Stuttgart, Cannstatter Wasen
Martin Klein trägt einen weißen Mundschutz, auf den er mit schwarzem Filzstift geschrieben hat: Ich bin kein Sklave! Und du?
»Hey Martin, sind das nicht ein paar Widersprüche zu viel? Corona gibt es angeblich nicht, und trotzdem trägst du einen Mundschutz, der doch ein Zeichen der Versklavung sein soll. Dann schreibst du noch drauf, du seist kein Sklave. Ich versteh das nicht.«
Martin Klein blinzelt Dengler zu: »Sicher ist sicher. Ich gehöre
zur Risikogruppe. Falls an der Sache doch was dran ist, bin ich mit dem Maulkorb sicherer.«
»Na, dann los.«
*
Mehrere Tausend Menschen stehen auf dem Cannstatter Wasen. Nur wenige davon tragen Schutzmasken.
»Wieso hast du dir den Maulkorb umgebunden?«, wird Dengler von einer jüngeren Frau angefaucht.
Er sieht sich um. Jesus rettet Leben, Bill Gates zerstört Leben
, steht auf einem Plakat. Corona ist fake
, auf einem anderen. Keine Zwangsimpfung
, fordert ein Transparent, das von drei jungen Frauen getragen wird. Einige stadtbekannte Rechtsradikale verteilen Flugschriften.
Er sieht viele Wir-sind-das-Volk
-Plakate. Das geschmackloseste zeigt ein altes Foto einer schwarzen Frau in Ketten, die wahrscheinlich tatsächlich eine Sklavin ist. Ihr hat man einen Mundschutz aufgemalt. Ein gut genährter blonder Mann in einem roten Poloshirt hält es gut gelaunt in die Luft. Dengler fragt ihn, ob er auch glaube, dass das Coronavirus eine Erfindung sei.
»Klar«, sagt er. »Wie kann das denn sein, dass sich so etwas plötzlich weltweit verbreitet?«
»Flugzeuge?«, schlägt Dengler vor.
Der Mann beugt sich zu ihm vor. »Das ist ja nicht nur in Deutschland«, raunt er ihm ins Ohr. »Das ist weltweit.«
»Ich weiß.«
»Das geht nur, wenn da dran gedreht wurde.«
Er beugt sich näher zu ihm hin, aber Dengler geht ein paar Schritte zurück.
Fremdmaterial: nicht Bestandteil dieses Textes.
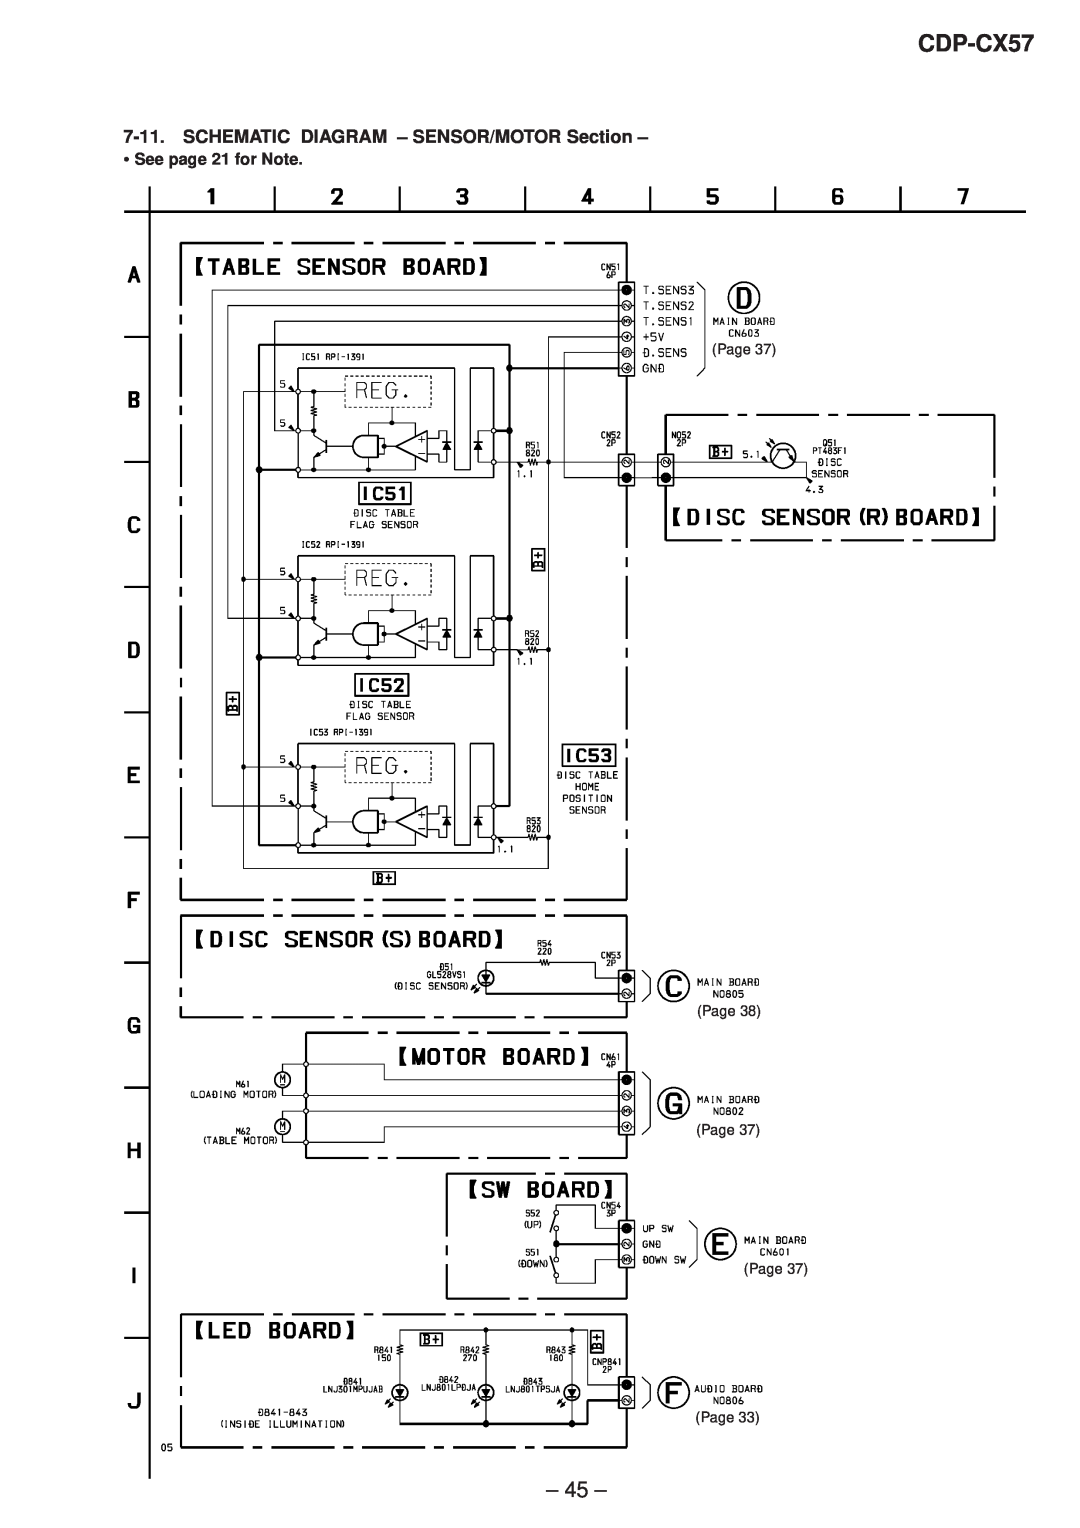 Technicolor - Thomson CDP-CX57 service manual SCHEMATIC DIAGRAM - SENSOR/MOTOR Section, See page 21 for Note

Der Mann folgt ihm.
»Da gab es ein Treffen. In New York. Amerikanische Milliardäre. Der Gates war auch dabei. Am 18. Oktober 2001. Event 2001 hieß das Treffen. Da beschäftigten sie sich schon mit der Möglichkeit
einer Pandemie. Und jetzt ist sie da. Es kommt genauso, wie die das besprochen haben. Das sagt doch alles.«
»Die Tatsache, dass die Chefs großer Firmen sich über die Möglichkeit einer Pandemie unterhalten, beweist doch nicht, dass sie dann sogleich eine solche inszenieren. Es beweist überhaupt nichts, außer dass sie darüber geredet haben. Aus welchem Grund sollten sie denn eine Pandemie auslösen? Warum?«
Wieder kommt der Mann Denglers Ohr nahe, wieder weicht Dengler zurück, und wieder folgt der Mann.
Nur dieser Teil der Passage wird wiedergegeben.